已有 483 次阅读 2024-10-15 09:06 |系统分类:论文交流

Evolving DIKWP Semantics with Wittgenstein's Logical Composition Mechanisms

Yucong Duan

International Standardization Committee of Networked DIKWfor Artificial Intelligence Evaluation(DIKWP-SC)

World Artificial Consciousness CIC(WAC)

World Conference on Artificial Consciousness(WCAC)

(Email: duanyucong@hotmail.com) 

Abstract

This document presents a simulation of the evolution of semantics for concepts using the core semantics of the Data-Information-Knowledge-Wisdom-Purpose (DIKWP) Semantic Mathematics framework, integrating Wittgenstein's logical composition mechanisms. By avoiding subjective definitions and starting from fundamental principles, we model how an infant might build up understanding from basic sensory data. Through this process, we explicitly evolve the semantics of each concept, demonstrating how higher-level abstractions emerge from core data using logical compositions. This approach maintains a strong connection to real-world semantics and provides a foundation for artificial intelligence systems to develop understanding in a manner analogous to human cognitive development.

Table of Contents

  1. Introduction

    • 1.1. Overview

    • 1.2. Objectives

  2. Core Semantics of the DIKWP Framework

    • 2.1. Data (D): Sameness

    • 2.2. Information (I): Difference

    • 2.3. Knowledge (K): Logical Structures

    • 2.4. Wisdom (W) and Purpose (P): Emergent Understanding

  3. Simulating Concept Evolution from an Infant's Perspective

    • 3.1. Initial Sensory Data Acquisition

    • 3.2. Formation of Basic Concepts through Sameness and Difference

    • 3.3. Development of Complex Concepts via Logical Composition

  4. Integrating Wittgenstein's Logical Composition Mechanisms

    • 4.1. Elementary Propositions from Sensory Data

    • 4.2. Logical Operations and Composition of Propositions

    • 4.3. Emergence of Structured Knowledge

  5. Evolving Semantics of Concepts Explicitly

    • 5.1. Concept of "Object"

    • 5.2. Concept of "Action"

    • 5.3. Concept of "Cause and Effect"

  6. Detailed Simulation Example

    • 6.1. Data Acquisition: Visual and Tactile Inputs

    • 6.2. Information Processing: Identifying Differences

    • 6.3. Knowledge Formation: Recognizing Patterns

    • 6.4. Wisdom and Purpose: Goal-Oriented Actions

  7. Implications for Artificial Intelligence Systems

    • 7.1. Mimicking Human Cognitive Development

    • 7.2. Building Grounded Semantics

    • 7.3. Enhancing AI Understanding and Interaction

  8. Conclusion

  9. References

1. Introduction1.1. Overview

Understanding how concepts evolve from basic sensory inputs is essential for developing artificial intelligence (AI) systems that can interact meaningfully with the real world. Traditional approaches often rely on subjective definitions imposed by individuals, which can abstract away real-world semantics. Instead, we aim to simulate the natural evolution of semantics by starting from core principles and modeling how an infant might develop understanding through experiences.

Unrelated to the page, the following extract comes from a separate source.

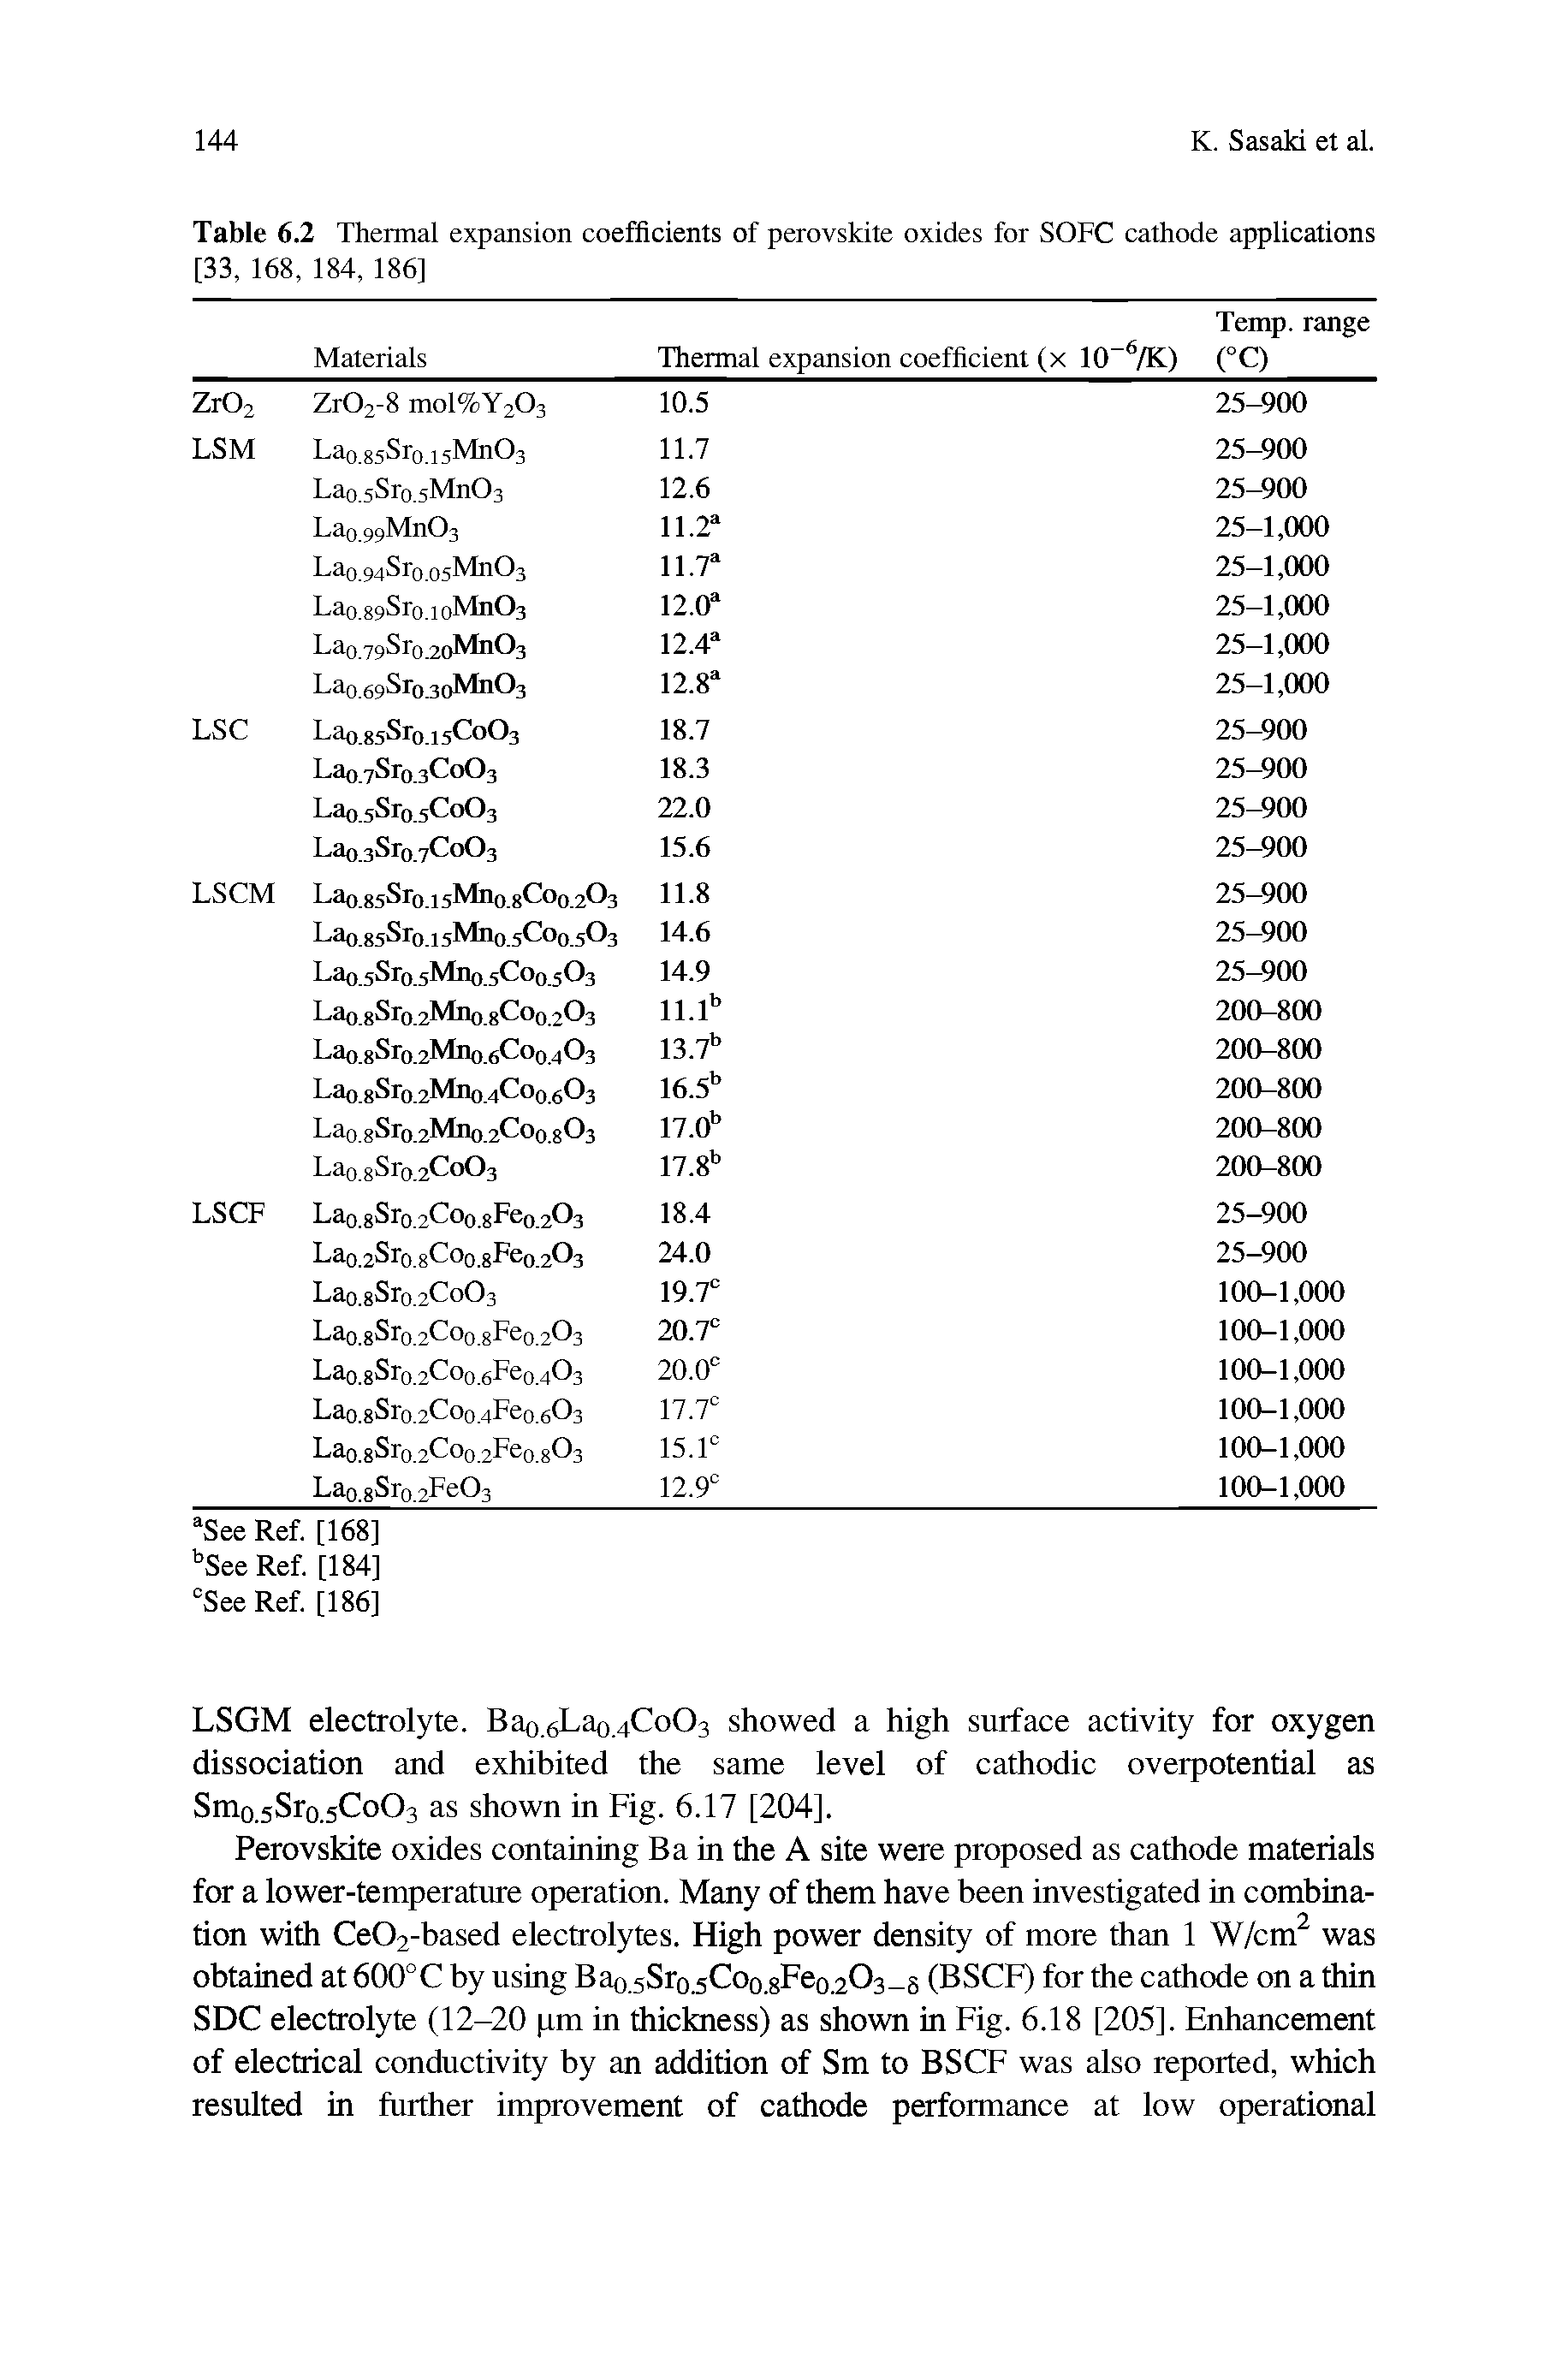 Table 6.2 Thennal expansion coefficients of perovskite oxides for SOFC cathode applications [33, 168, 184, 186]...

By utilizing the core semantics of the DIKWP Semantic Mathematics framework and integrating Wittgenstein's logical composition mechanisms, we demonstrate how concepts can emerge naturally from data without subjective definitions. This approach ensures that every concept used is explicitly bundled with evolved semantics, maintaining a strong connection to real-world experiences.

1.2. Objectives

  • Simulate the evolution of semantics for concepts using core semantics as the foundation.

  • Integrate Wittgenstein's logical composition mechanisms to build complex concepts.

  • Avoid subjective definitions by explicitly evolving semantics from basic data.

  • Model the process from an infant's perspective to reflect natural cognitive development.

  • Demonstrate how this approach maintains real-world semantics and can enhance AI systems.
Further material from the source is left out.